Marie C, Mossiat C, Gros C, Monteil T, Bralet J
Laboratoire de Pharmacodynamie, Faculté de Pharmacie, Dijon, France.
Cardiovasc Drugs Ther. 1996 Nov;10(5):593-8. doi: 10.1007/BF00051002.
Myocardial infarction was induced by rats by ligation of the left coronary artery. Treatment with TM1, a prodrug of SQ 28,603, an inhibitor of neutral endopeptidase (NEP, EC 3.4.24.11), was started 18-20 hours after ligation and was continued for 4 weeks (100 mg/kg, orally, twice daily). Morphological and biochemical parameters were assessed at the endo of therapy. The treatment resulted in a significant reduction of heart hypertrophy, which was restricted to the parts of myocardium hemodynamically upstream of the infarcted left ventricle. The weights of the right ventricle and atria were reduced by 15-20%, whereas the treatment had no effect on the left ventricle and septum weights. Treatment led to an almost complete inhibition of plasma NEP activity and to a slight decrease (-14%, p < 0.05) in plasma ACE activity. Plasma ANF level increased 3.8-fold after ligation, and treatment resulted in a slight ( + 29%) and nonsignificant additional increase in the ANF level. The amount of hydroxyproline in the right ventricle was enhanced by + 207% in control ligated rats and by +140% (NS) in treated rats. These data indicated that prolonged NEP inhibition exerts a favorable effect in heart failure by reducing the development of right ventricular and atrial hypertrophy. These effects may result from an improvement in hemodynamic conditions, leading to a reduction in cardiac preload.

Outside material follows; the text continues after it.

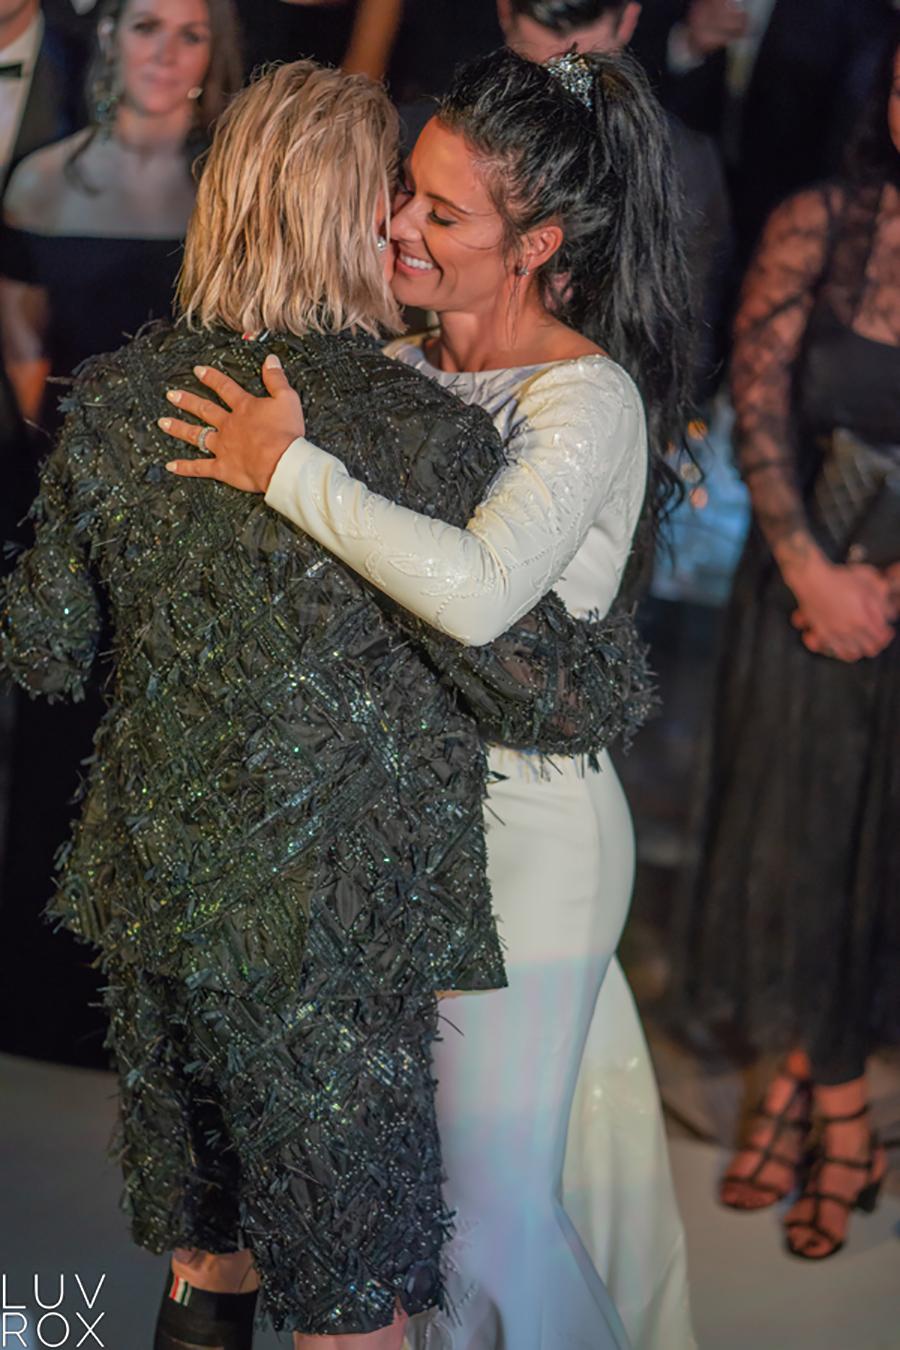 Ali Krieger and Ashlyn Harris Wedding

通过结扎大鼠左冠状动脉诱导心肌梗死。在结扎后18 - 20小时开始用TM1(SQ 28,603的前体药物,中性内肽酶(NEP,EC 3.4.24.11)抑制剂)进行治疗,并持续4周(100mg/kg,口服,每日两次)。在治疗结束时评估形态学和生化参数。该治疗导致心脏肥大显著减轻,这种减轻仅限于梗死左心室血流动力学上游的心肌部分。右心室和心房重量减轻了15 - 20%,而该治疗对左心室和室间隔重量没有影响。治疗导致血浆NEP活性几乎完全受到抑制,血浆ACE活性略有下降(-14%,p < 0.05)。结扎后血浆心钠素(ANF)水平增加了3.8倍,治疗导致ANF水平略有(+29%)但无显著统计学意义的额外增加。在对照结扎大鼠中,右心室羟脯氨酸含量增加了207%,在治疗大鼠中增加了140%(无统计学意义)。这些数据表明,长期抑制NEP通过减少右心室和心房肥大的发展,对心力衰竭发挥有益作用。这些作用可能源于血流动力学状况的改善,导致心脏前负荷降低。